Newspaper allegations that Alice experienced, in simple fact, bitten the head off the hen and drunk its blood on phase ended up immediately denied by the band, only for mentor Frank to famously notify Alice, “Well, no matter what you do, don’t inform anyone you did not do it!” 1970’s Quick Motion also went largely overlooked, but a transfer to Alice’s hometown of Detroit (“LA just did not get it – they have been on the completely wrong medications for us”) came as the major Warner Bros corporation acquired out the Straight label, and in the Uk the glam rock movement was collecting apace.

Teaming up with producer Bob Ezrin gave the band their irst style of achievements with the one I’m Eighteen from 1971’s Enjoy It To Demise and from then on Alice and the band hardly had time to breathe. Killer (1971), School’s Out (1972) and Billion Greenback Infants (1973) catapulted Alice Cooper to the top rated of the charts on both sides of the Atlantic, and outrageous gimmickry like the decapitation of child dolls and the introduction of a boa constrictor to the band’s dwell exhibit additional to the shock element the band, notably Alice himself, brought to the glam rock genre.

“I noticed Anita Pallenberg actively playing the Good Tyrant in the 1968 movie Barbarella putting on very long black leather-based gloves with switchblades coming out of them and I thought, ‘Alice must appear like that,’” he states. “That, and a minimal bit of Emma Peel in The Avengers.”

The outcome labored a address. Ethical campaigner Mary Whitehouse succeeded in finding the online video for School’s Out banned on the BBC, and a person Uk MP petitioned the then-Household Secretary to ban the band from doing in the Uk. Nonetheless, when 1974’s Muscle mass Of Love unsuccessful to match the good results of its illustrious predecessors, cracks started to exhibit.

“There was some discontent about the path we were going in, if I try to remember effectively,” claims Alice. “Some of the band made the decision that they ended up heading to go and work on their very own projects so I rather by natural means imagined I’d do very a lot the exact same. At the time there was no big decision to disband the Alice Cooper Band, we were being just working on distinctive factors. It just took place that inevitably which is the way factors turned out.”

For Alice Cooper the person, the selection was to also document his have solo album, even if it, like the previous 7 studio albums from the band (not to mention 1974’s immensely prosperous Alice Cooper’s Biggest Hits, which also outperformed Muscle Of Really like) also appeared less than the Alice Cooper name. After once more, Alice selected to get the job done with producer Bob Ezrin.

“Bob had labored with us on every single album from Adore It To Demise to Billion Greenback Infants,” states Alice. “He’d been a major participant in some of our biggest successes and it felt suitable to get him concerned again. On major of that, Bob is a genius. He hears items other people really don’t listen to and seems to know just how to orchestrate factors in a way you really do not get with other producers. His input was a must have to Welcome To My Nightmare.”

Bob experienced been doing the job on Lou Reed’s 1973 Berlin album, itself a rock opera of sorts concerning a doomed drug-addled couple, and with the Alice Cooper Band involved in many assignments of their have, a new established of musicians would be needed. Bob enlisted guitarists Dick Wagner and Steve Hunter, and bassists Prakash John and Tony Levin from the Reed fold, whilst he himself would lend his appreciable keyboard, synthesizer and arranging abilities.
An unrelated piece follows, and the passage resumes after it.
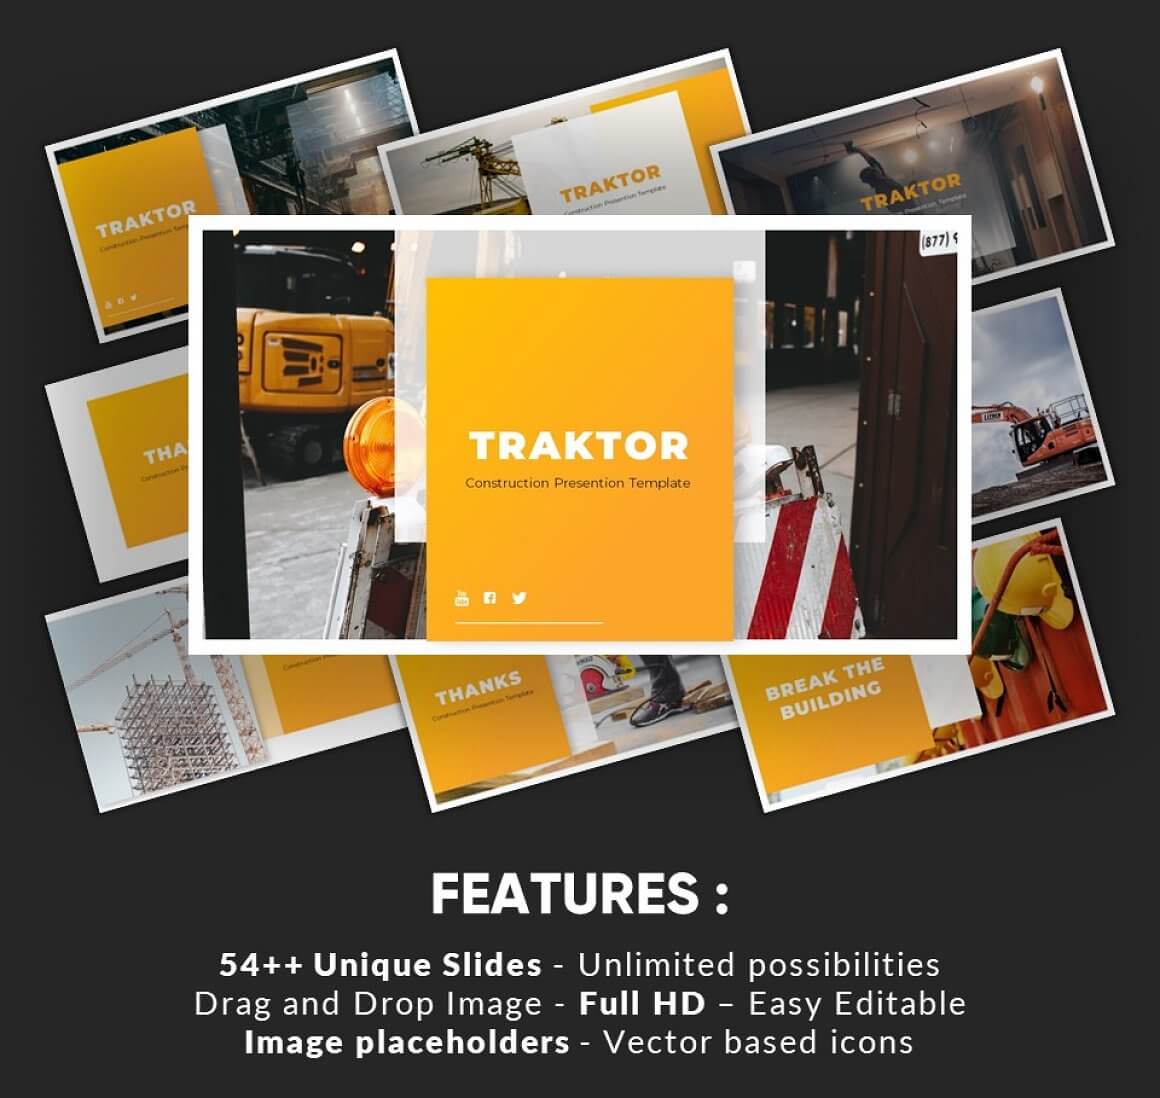 Collections of photo Traktor Construction PowerPoint slides.

“It was extremely refreshing to be able to work with some new and terrific musicians,” points out Alice. “Dick Wagner I try to remember as currently being particularly superior and I actually clicked with him as a writer also. He’d already worked with us, playing My Stars on the School’s Out album and we went on to write or co-publish the likes of Department Of Youth, Welcome To My Nightmare, The Black Widow, Only Women of all ages Bleed… Not a bad array of product for a person album.”

Central to the theme of Welcome To My Nightmare is Alice’s fundamental thought that the music relate the tale of the nightmares experienced by a younger child named Steven.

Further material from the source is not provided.